The preschool version of the AQI is a measure of overall quality consisting of 31 items (see the list of individual items in Appendix 1). Similar to the ECERS-3, the scoring system requires that all sub-item scores on one level meet the standard before moving to the next higher level. The original validation study (Perlman & Falenchuk, 2010) found a one factor solution in which the mean of all individual items is taken as the reported score. It also found that a factor comprised of the mean score of items related to the quality of teacher–children interactions can be calculated and used as a stand-alone factor. The Spearman correlation between the measure and ECERS-R was r = 0.61 p < 0.01. The Spearman correlations for the CLASS subscales of Emotional Support, Classroom Organization and Instructional Support were r = 0.39 p < 0.01, r = 0.36 p < 0.01 and r = 0.47 p < 0.01, respectively. The current version of the AQI is measured on a five-point scale where scores of 1 and 2 represent inadequate quality, a score of 3 meets the City’s minimum standards to maintain a service contract, and individual item scores of 4 and 5 exceed minimum expectation. Any items with scores below three identified during the assessment are subject to a remediation order and further sanctions if the identified problems persist.
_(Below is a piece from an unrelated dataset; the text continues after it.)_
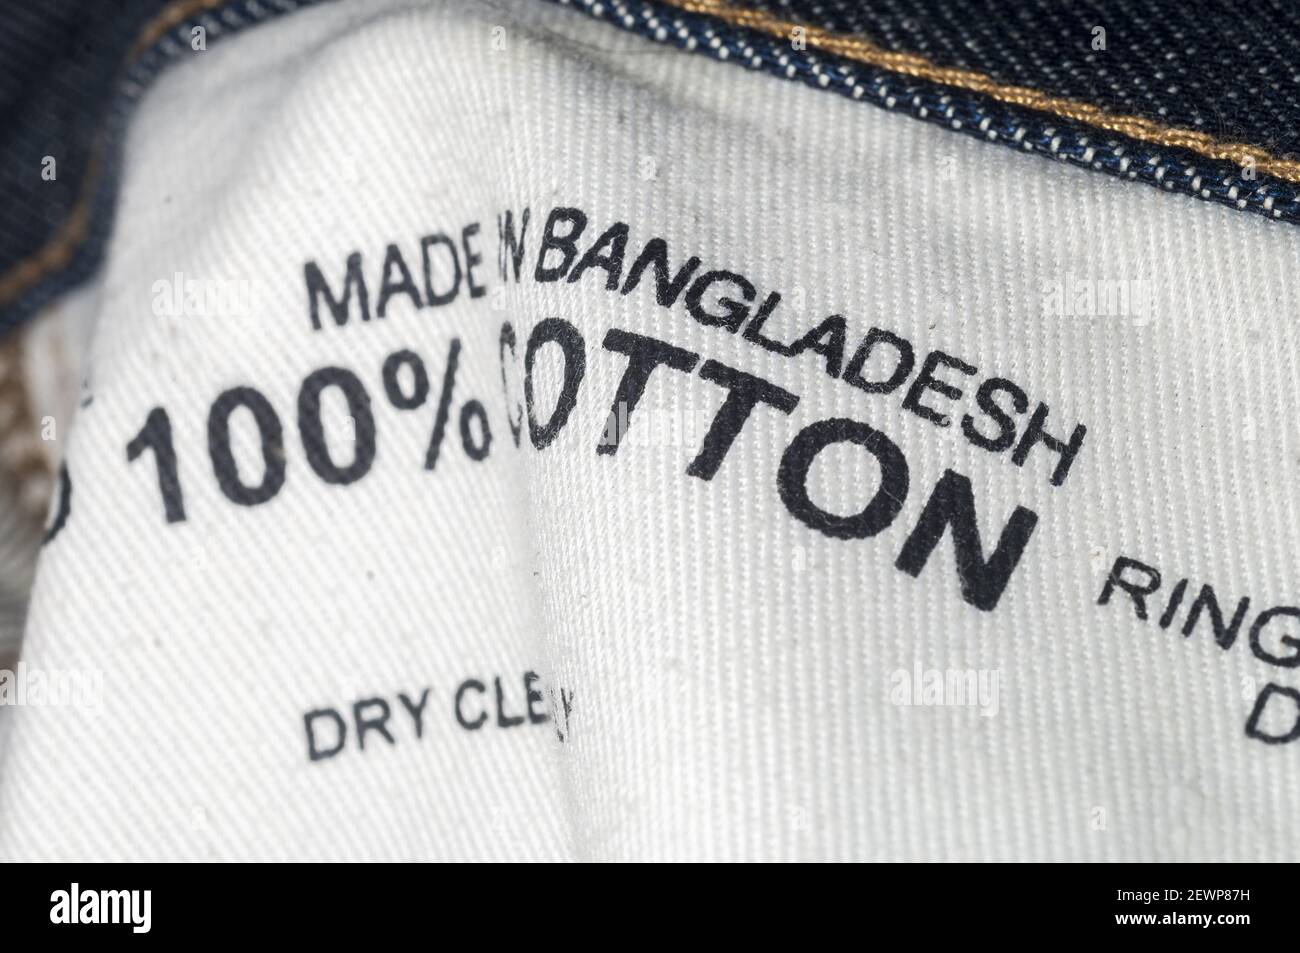 A label on a pair of jeans shows Bangladesh as the country of origin, seen  on Wednesday, December 7, 2016. A report released by the Overseas  Development Institute found that 15 percent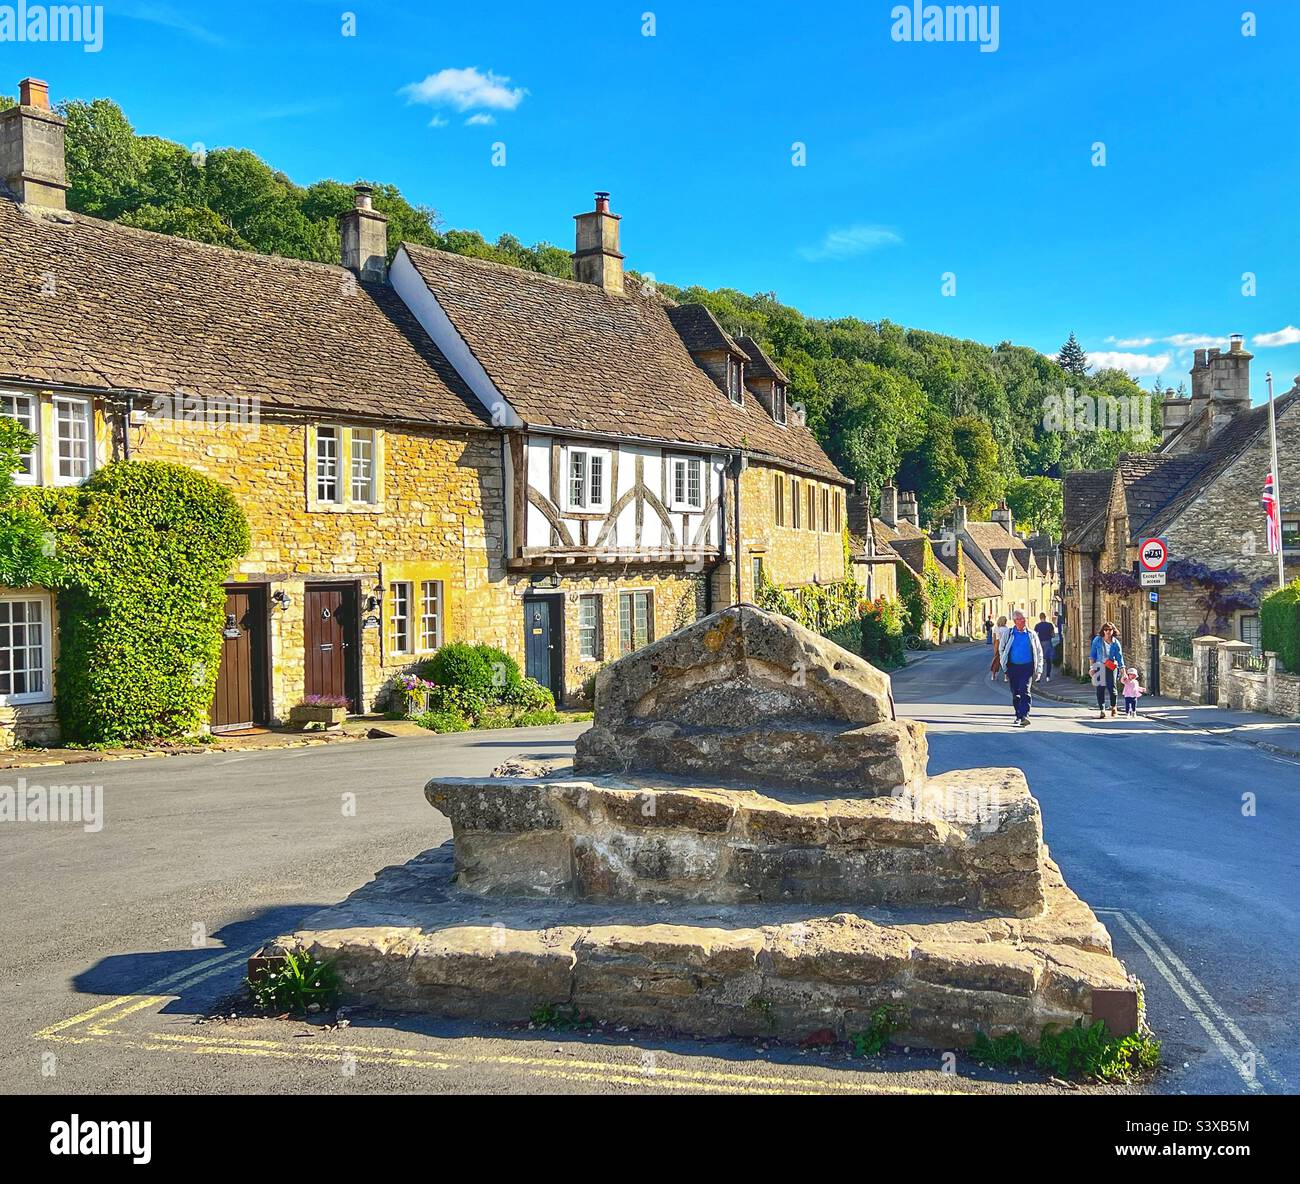 Centre of The Village of Castle Combe in the Cotswolds, Wiltshire looking down the street past the stone steps Stock Photo

AQI assessments are conducted unannounced annually by trained observers who are randomly assigned to ECEC centres. All classrooms within a centre are assessed by the same rater. Raters’ interrater reliability is established every 4 months and assessors must achieve 80% or higher agreement with gold standard expert ratings. The average interrater agreement for 2014, 2015 and 2016 was 94%, 96% and 92%, respectively. During this period individual raters’ percent agreement scored ranges from 81 to 100%. For publication on the City of Toronto website the AQI scores are aggregated to the age group level; however, classroom level scores were available for analysis in our data set. In this paper we focus on the cross-sectional and longitudinal characteristics of total AQI ratings.

Descriptive statistics for the cross-sectional data for each of 3 years is presented in Table 2. The overall mean AQI value for all classrooms has increased over 3 years by 0.09, or approximately 5% of the acceptable range of 3–5. The standard deviations have changed only marginally over time; given that the effective range of acceptable scores is between three and five, we interpret the standard deviations as large. Finally, we note that the mean scores differ between the individual centre types as does the rate of change over type.

Table 2 AQI Scores by centre type and year

Independent and control variables

Centre type

Because provincial and municipal funding and system management policies are applied differentially to commercial, noon-profit and public programs, the type of centre is used as a control (stratifying) variable. It is defined by the combination of auspice and the number of centres operated by individual service providers. Auspice is defined as commercial, non-profit, and publicly operated. Any organization that comprises three or more preschool sites is categorized as multi-site operator.

The Child and Family Inequity Score (CFIS)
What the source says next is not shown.